Ain't no big trick to accomplish, unless you want to get into serious efficiency. The amount of thermal transferr that can happen as the air passes the coil becomes the fly in the ointment, and a car radiator ain't gonna cut it. If you gang about 5 radiators behind one another in the air stream you can get efficiency. A second problem in any coil/airstream aplication is how you move the air across the coil. Blowing air across a coil requires equilization difusers, or you get a hot spot in front of the fan, and a lot of unused coil. If you **** the air thru the coil you get more or less equal flow and maximum transferr.

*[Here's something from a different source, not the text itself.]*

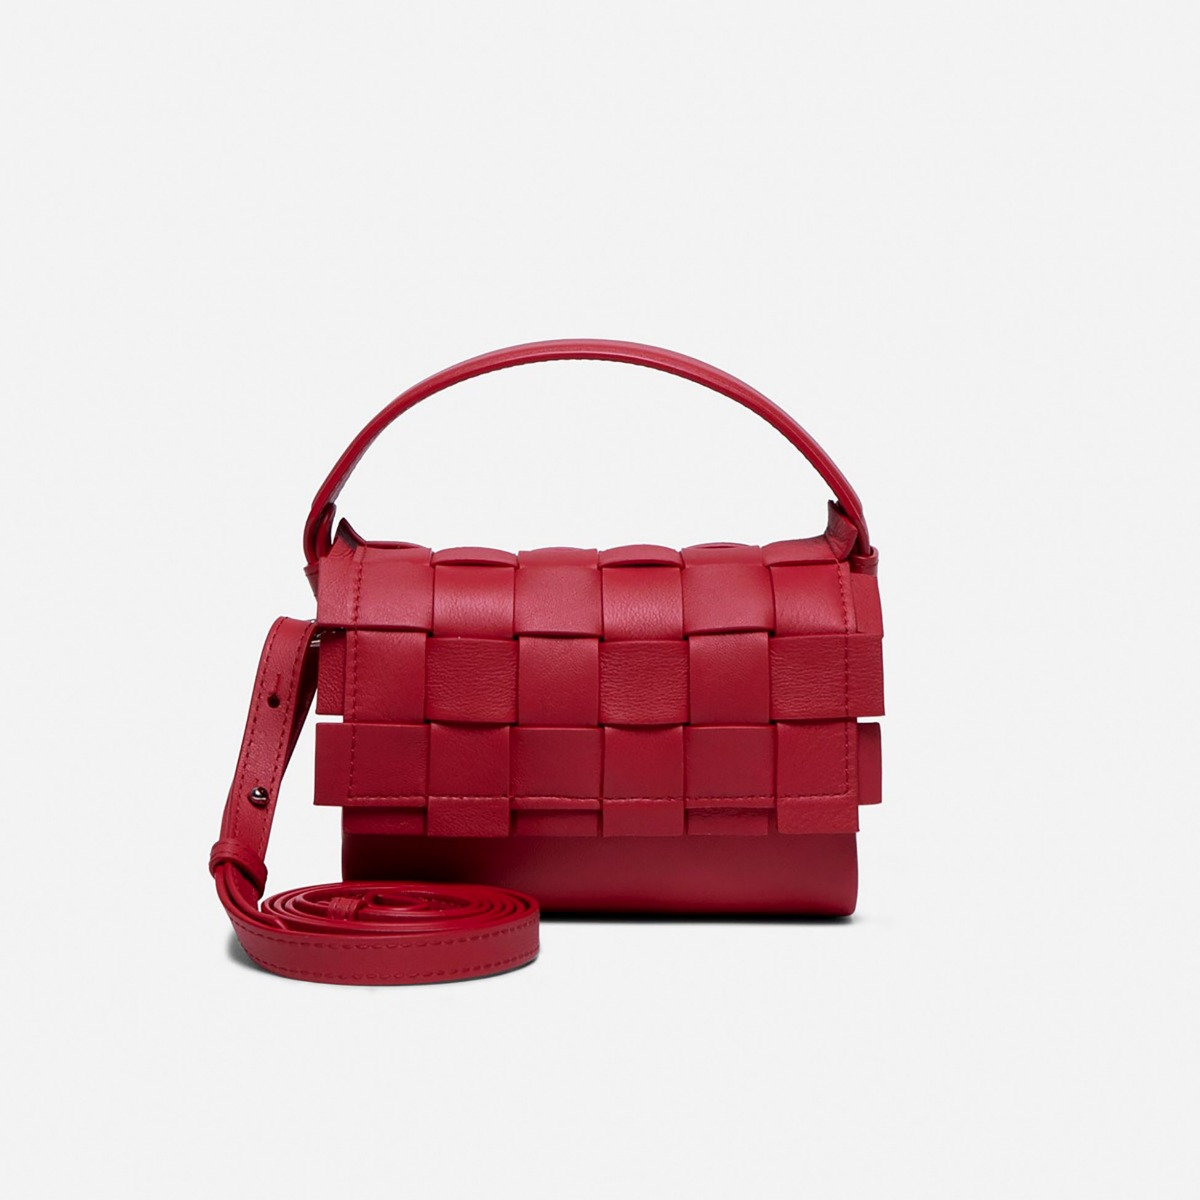 Flap Woven Handbag, small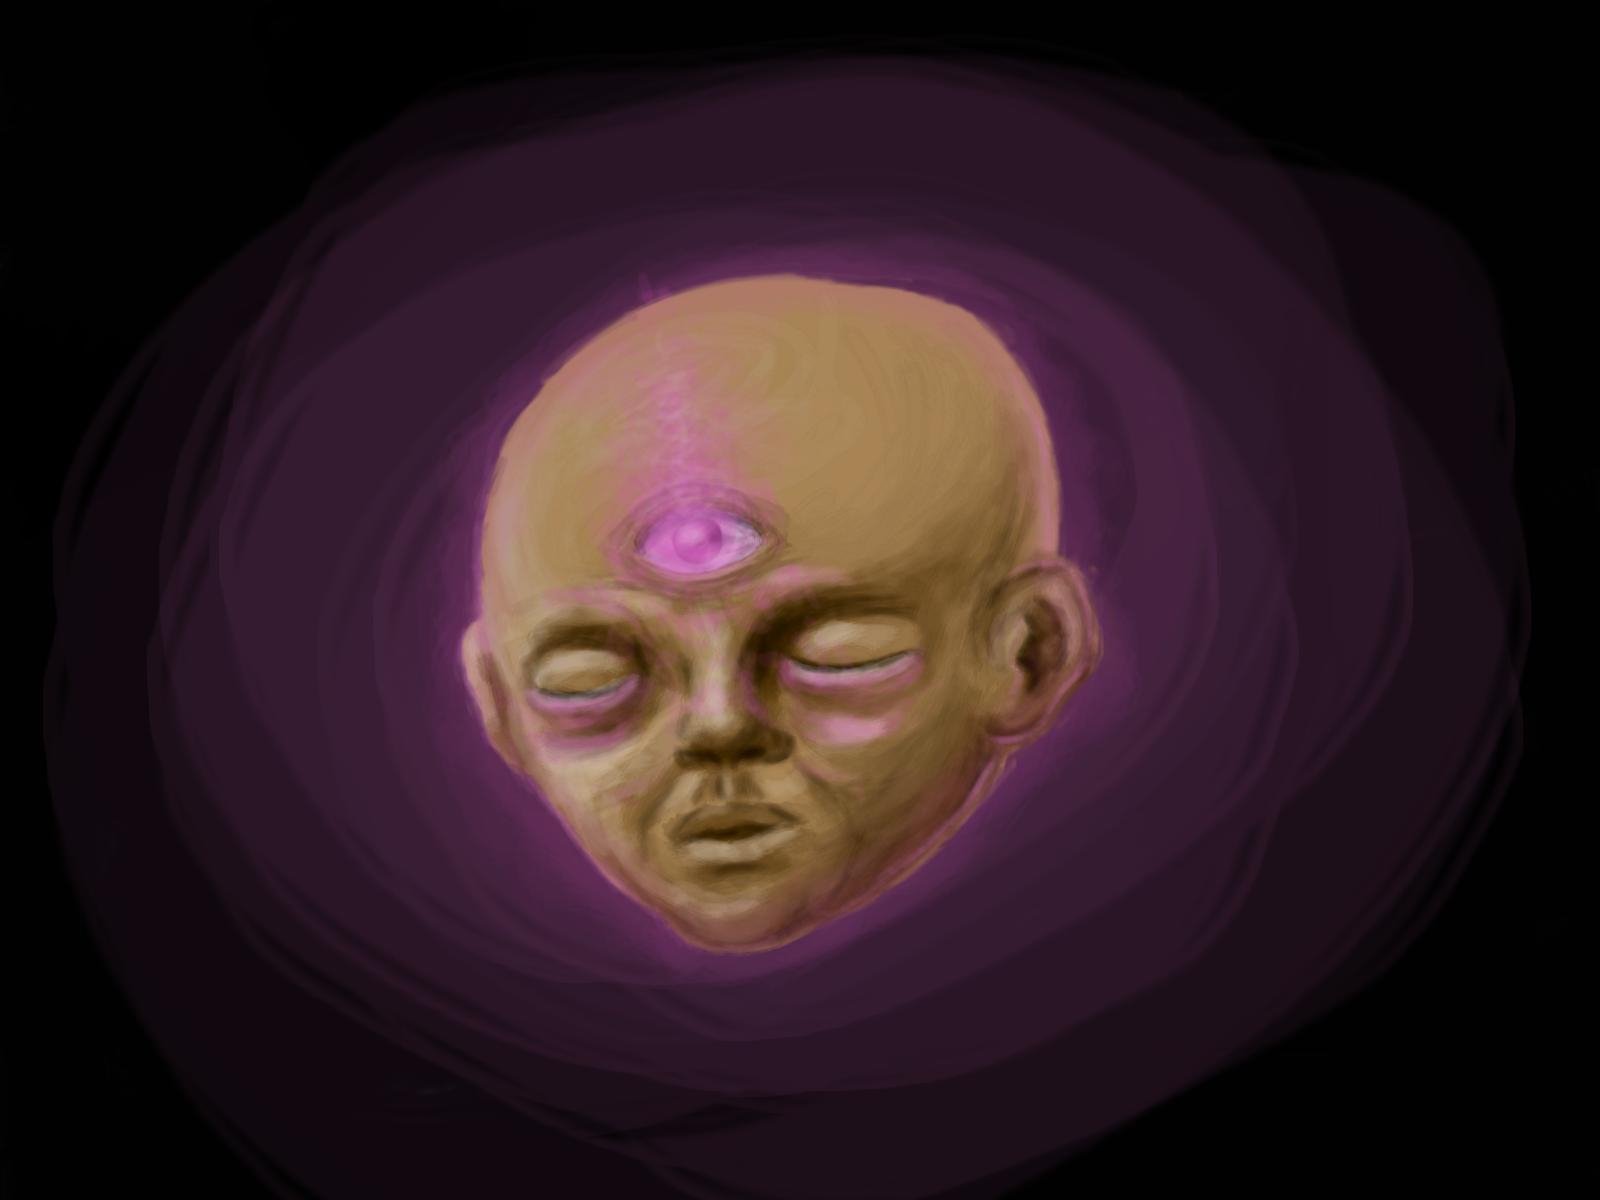 Cosmic Baby Net Worth

You also need to understand that air passing a coil can only cool so much with each pass. The long and short of this is that you either have a very cold coil to acheive maximum cooling, or you keep running the same air thru the coil acheiving a little temperature loss with each pass.
If you go with the constant air movement plan, you need to control the water flow rate thru the coil so you aren't wasting a lot of water. Fortunately, this isn't too difficult to do with a thermal sensor and a valve, you can even computerize it if you want to really have fun. Ideally, you'd want the exhaust water to be only a few degrees colder than the ambient room temperature, given the propertys of liquid coils and airstreams. This would minimize water consumption as well.

What to do with the spent exhaust water, well, there is always drip irrigation with a spent water tank. That way you don't need to spend a lot of money on pumping water. If you happen to have a flowing creek next to the room you're trying to cool, you are way ahead of the game, presuming you can filter the incoming water so it doesn't plug your coil. Creek water will generally be at a lower temperature than ambient air temperature. Keep your mouth shut about the operation though, or some tree hugger will get DEC on your A$$ about thermally poluting the creek.

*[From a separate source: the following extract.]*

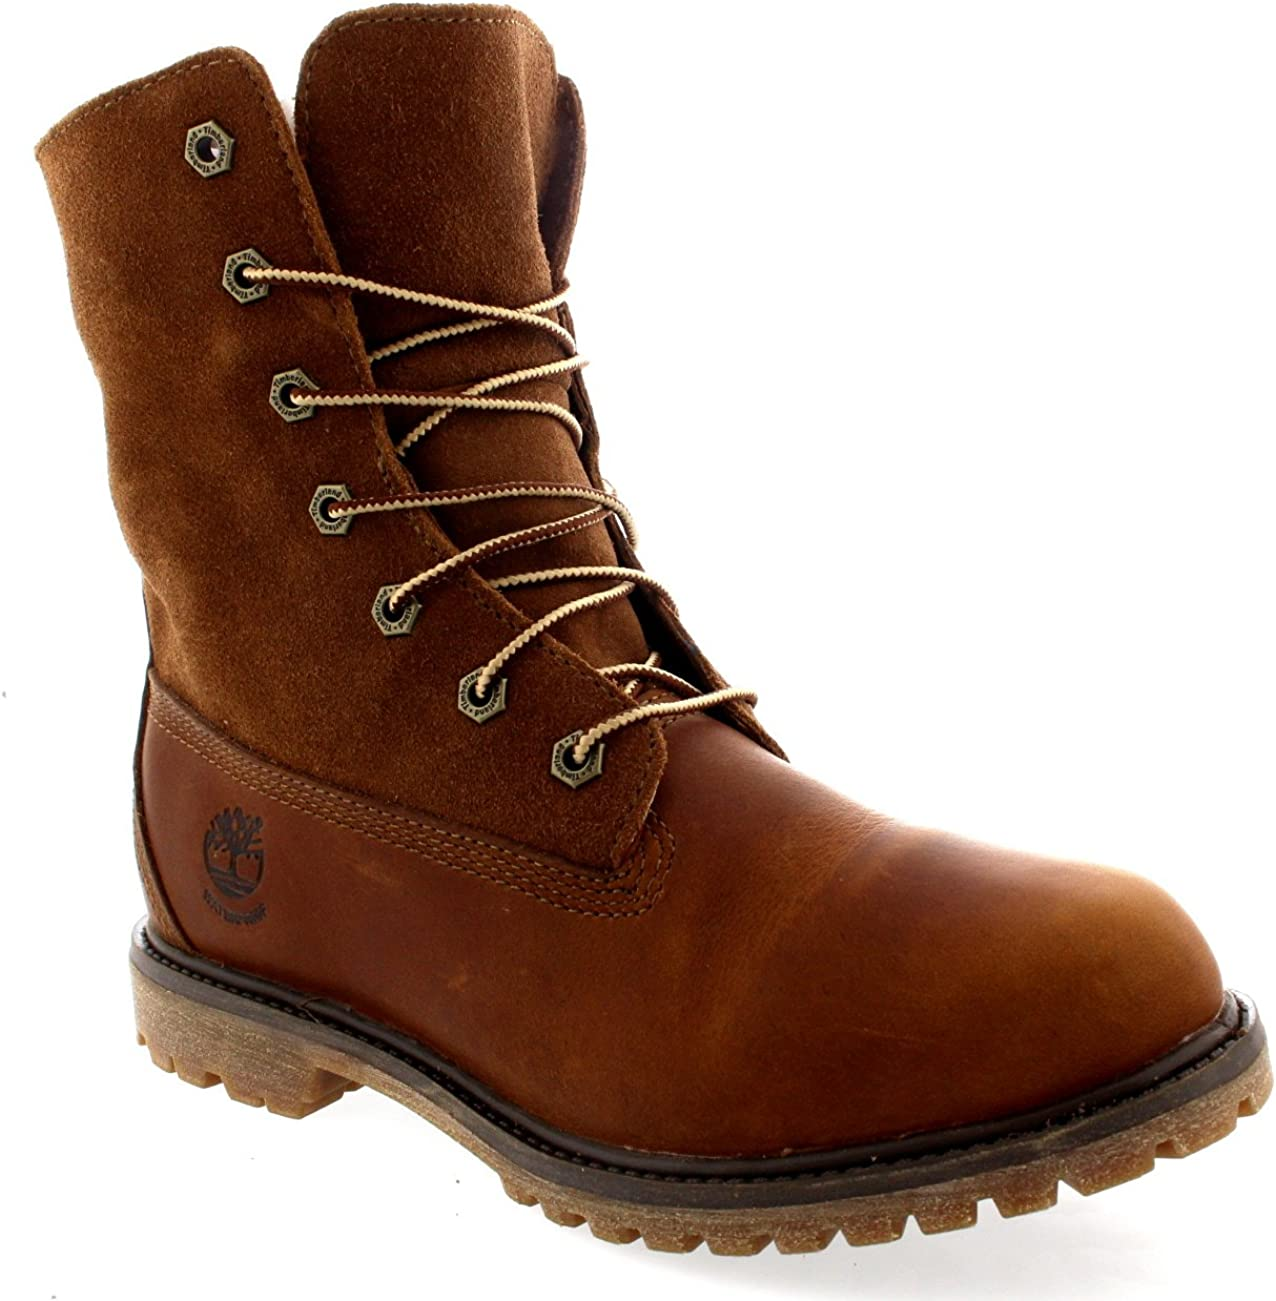 Timberland Womens Authentic Teddy Fleece Rain Snow Leather Winter Boots

Removing humidity from the air, as long as the air side of thecoil is at a few degrees lower temperature than the dew point of the ambient airstream, the coil will condense humidity out of the airstream. Of course you also need to factor in either keeping the air stream speed slow enough to allow the condensation to fall off the coil, or you can't drop a whole lot of humidity out of the air stream. This can be overcome with a trick or two.

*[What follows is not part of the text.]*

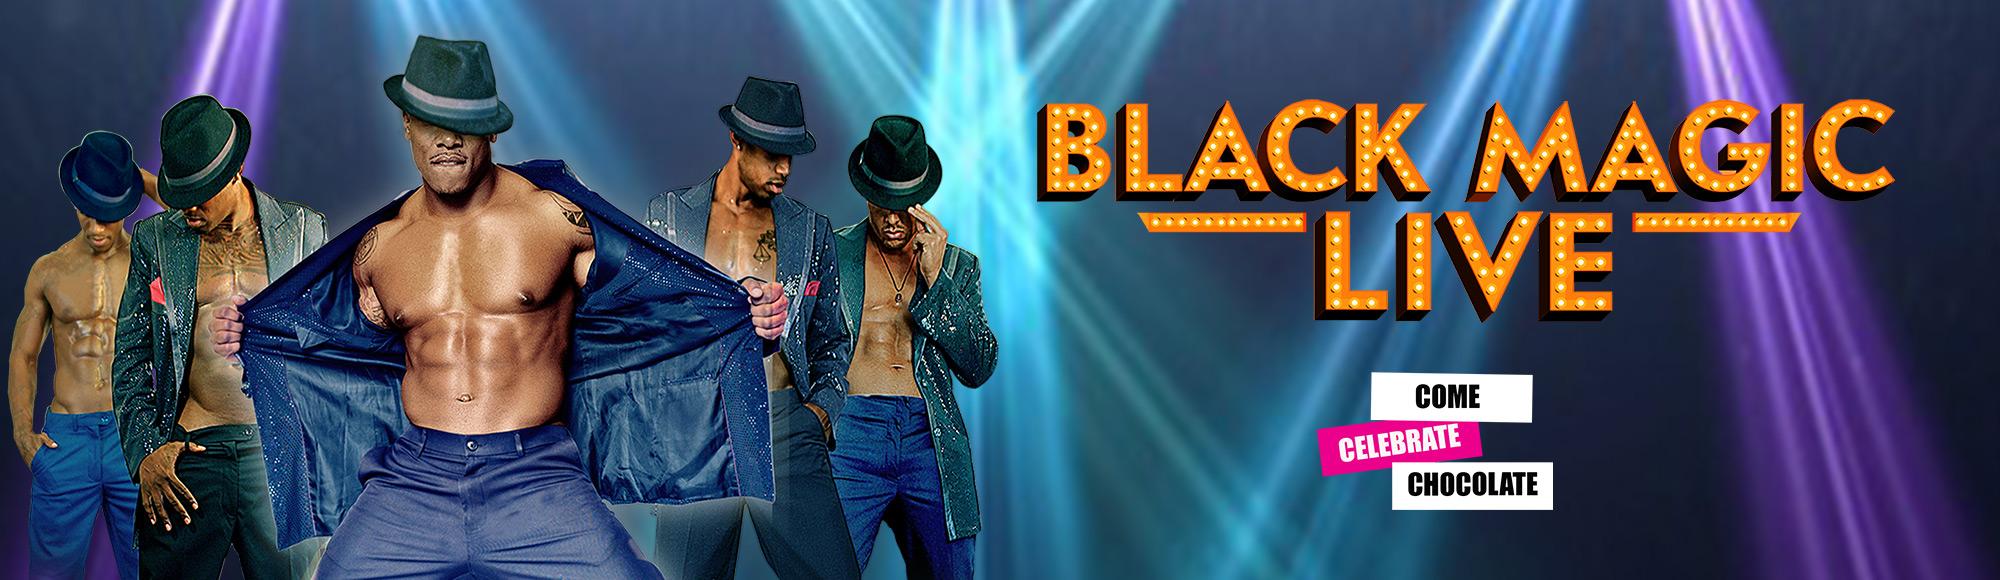 Black Magic Live show

As far as ground loops and using black plastic pipe, forget it, standard poly pipe ***** as a thermal conductor.

The best coil units are either the coils used as room boosters in duct systems, or fairly decent sized air conditioner condensers. You need to do a bit of modifing on most AC condensers if you can even get them before the scrap guy does these days.

Just in case you're wondering, I do live next to a flowing creek, and the DEC possum police are real azzholes. Fortunately, I am allowed to pump water for irrigation purposes.

All the above said, you'll keep your workspace a lot cooler by just employing Mother Nature's free air conditioning. Every night after the sun goes down, she lets you pump all the accumulated heat out of the atic space and insulation with a very small fan at minimal cost. Use a clock to control the fan, and you're fairly comfortable for cheap money. Install a louver into the atic space and **** cold air in just above the shop floor, and employ that floor as a thermal battery to keep the room cooler during the next sun cycle.